The select filter should extract from a database table or view all records that match specified criteria. This filter should have no input connector. Filter will be used by the SELECT and WHERE statements.
The filter should do filtering and projection at the same time and extract specified fields of records that match the specified criteria. Results should be streamed to the output connector.
Filter should have 2 algorithms:
A. indexed algorithm: this algorithm could be used only on indexed fields and support '=', 'between', '>' and '
record = index.getfirstkey(criteria)
loop
if not record.eof then
if record.field(tosearch) = criteria then
output.put_message(record)
record = index.getnext()
else
exit loop
end if
else
exit loop
end if
end loop
output.put_message(eof)
This algorithm will move to the first index entry matching criteria, and then loop reading next index entries until them no more match criteria. If criteria is '<' then algorithm should first move to the entry matching criteria and then loop reading all previous index entries in descending order, until EOF. If criteria is '>' or '=' then the algorithm should read index entries in ascending order.
When a seek message is received, the filter should move again to the index node specified in message.
B. Non-indexed algorithm: this algorithm does not require index. It support '=', '>','<' and '!='. Calculation using to this algorithm will be more expensive than A.

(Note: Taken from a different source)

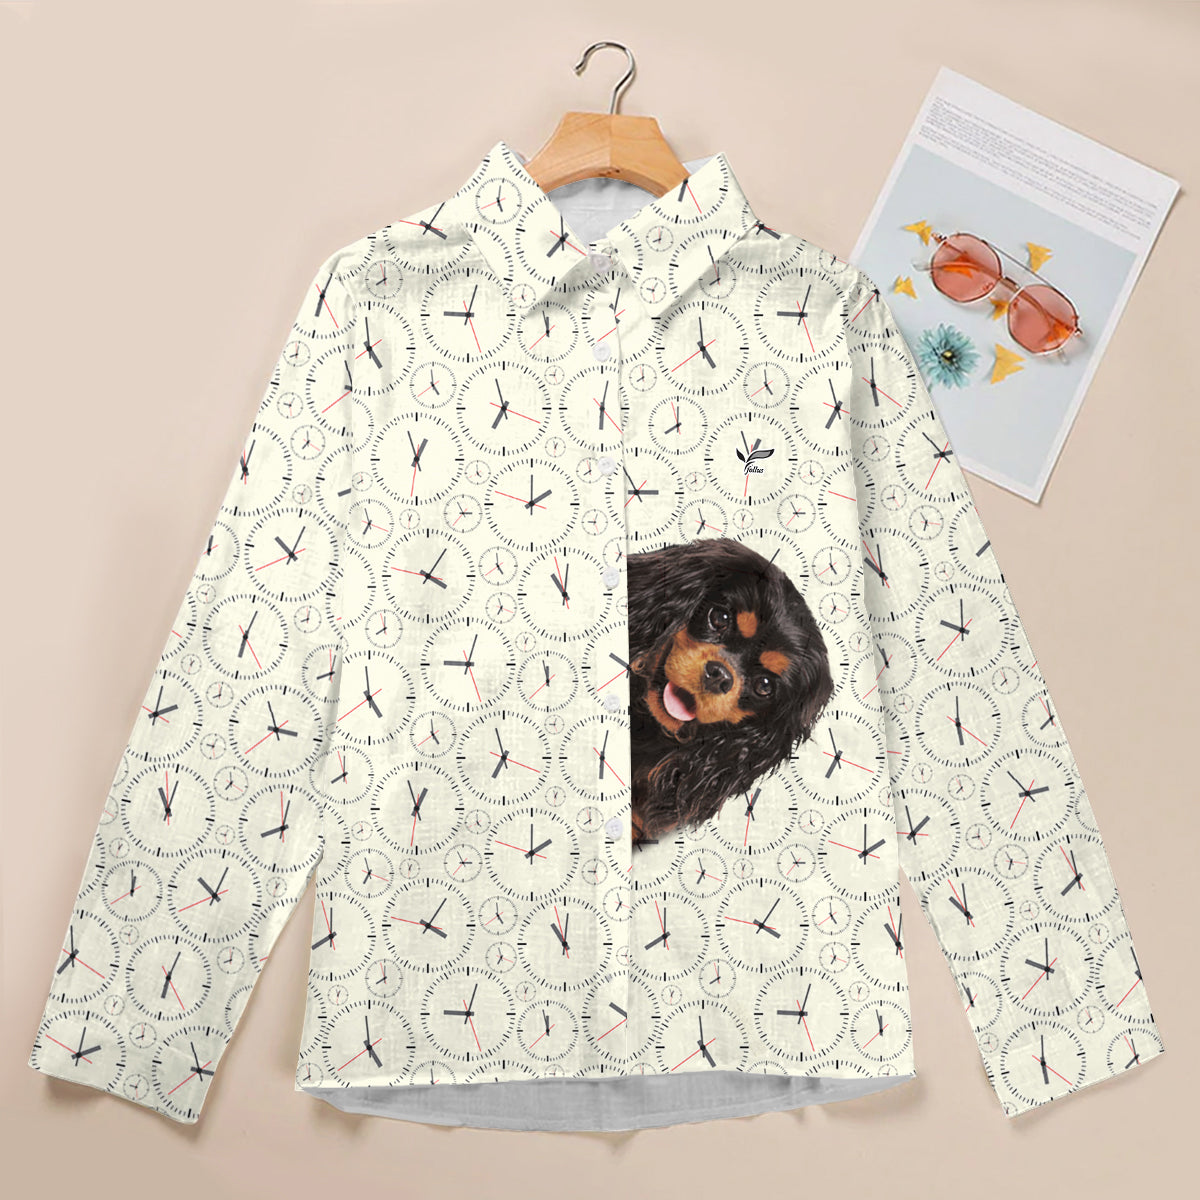 It's Paw Time For Your Cavalier King Charles Spaniel - Follus Women's Long-Sleeve Shirt

record = table.getfirstrecord()
loop while not record.eof
if record.field(tosearch) = criteria then
output.put_message(record)
end if
record = table.readnextrecord()
end loop
output.putmessage(eof)
This algorithm (table scan) will sequentially read all records and send to the output connector only those that match criteria.
Algorithm A:
The estimated number of records is:
For '=' operator: cardinality of criteria according to statistical data. (= number of records / number of values)
For '>' and '<' operators: (number of records / number of values) * operation factor
If criteria are character based, then they should first be converted to a hash prior to calculations.
When there is a unique index, and criteria is '=' then the expected number of records is 1.
Operation factor is 1 for '=' operation.
Operation factor for '>' operator is: (max - min) / (max - value)
Operation factor for '<' operator is: (max - min) / (value - min)
Min and max can be extracted from statistical data.
Operation cost = expected number of records * 4 / 3
Algorithm B:
Operation cost = number of records in table.
If statistical data are not present (in most case), then the engine should randomly select 50 records, and extract the following data: min value, max value, number of values matching criteria. The expected number of records will then be calculated the same way as algorithm A.
Algorithm A will generate an ordered record set; records will be sorted in ascending or descending order depending on operator. Algorithm B will generate an unordered record set.